Any way, here goes....

There are many aspects to the complete tamasha that has unfolded in Jaipur, and I do mean apply the word with all its colourful, gloriously populist, condescendingly elite connotations.  Like Waiting for Godot, the catalyst for the tamasha has remained off-stage, and for those of us who believe in creative freedom and the rule of law, or love words and stories, Salman Rushdie's absence is a tragedy.

The tamasha  was manufactured primarily by Rajasthan's state government (led by that ever shining bastion of liberal thought, the Congress party), ably abetted by the party machinery and embedded corporate media, and benignly watched over by Her Highness Lady Sphinx and her two heir-lings. Between them, they  manufactured reports of a threat to Rushdie's life: apparently, as the now-discredited story goes, Mumbai underworld had taken out a supari on the writer's life and three gunmen were on their way. Rushdie was thus convinced to cancel his visit.  A point to note here is crucial: at this point, the state government had actually not raised the legal issue of his presence at the festival but merely used security as a barely credible cover for its decision.  The state also managed to compound its idiocy by finally disallowing even a video-conference with the writer, again on 'security' grounds although, in all fairness, they could have kept all those policewallas who had been called to provide security to Oprah around.
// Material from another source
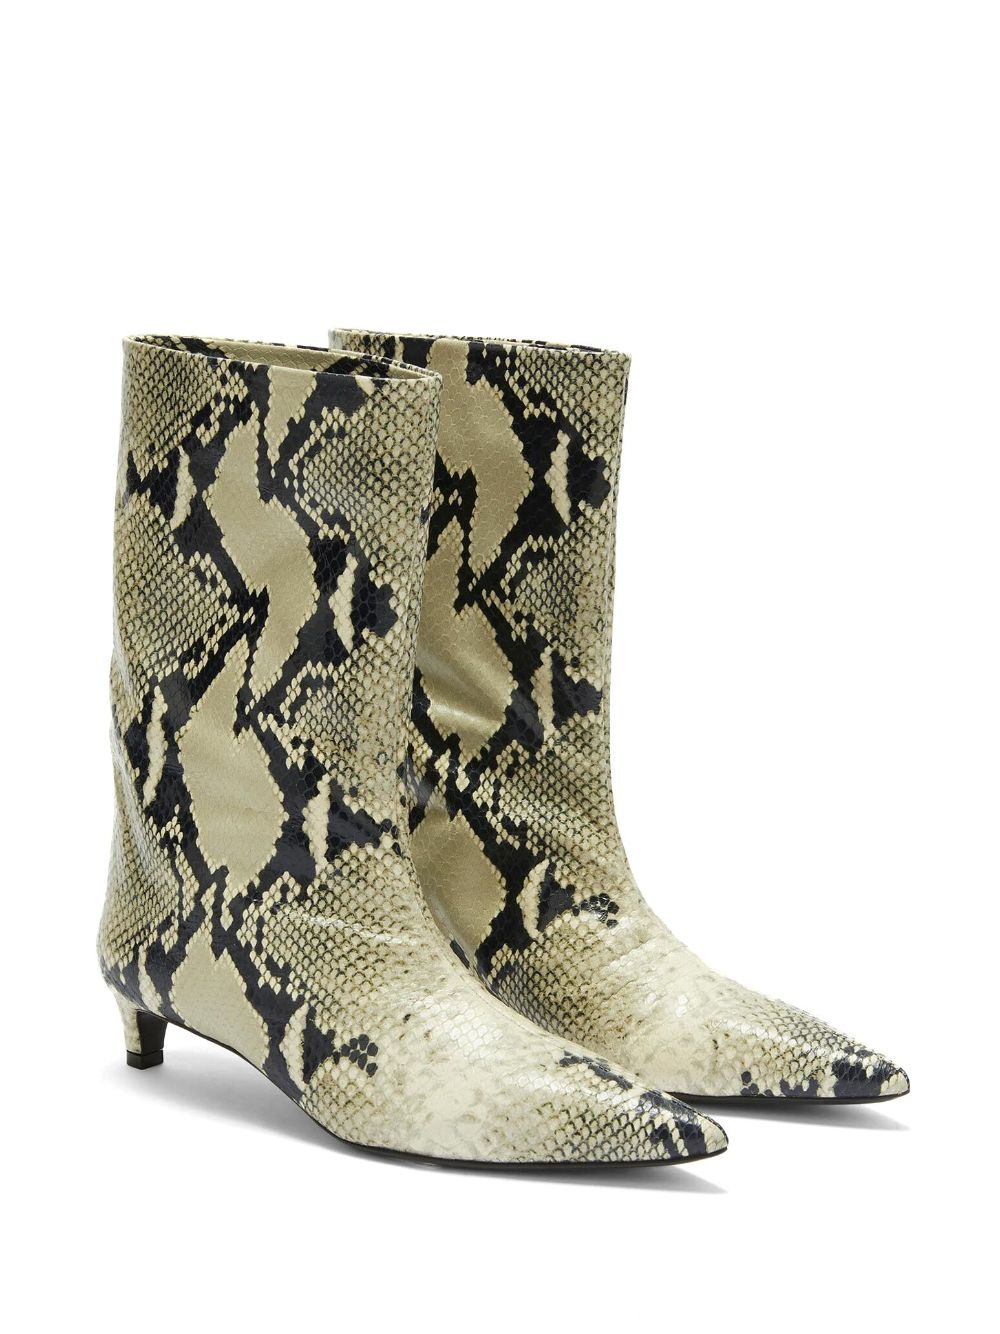 Jil Sander snake-print leather ankle boots - Beige

Of course, various other parties including the BJP, with eyes on the UP assembly elections prize, jumped on the bandwagon. Not surprisingly, today, with much ipso facto courage, Sheila Dixit, Arun Jaitley and various others are inviting Rushdie to various other parts of India, especially Delhi, presumably to offend cosmopolitan Dilliwalas in ways those rustic Rajasthanis couldn't bear or have tea with HH Lady Sphinx who shall say more nothing!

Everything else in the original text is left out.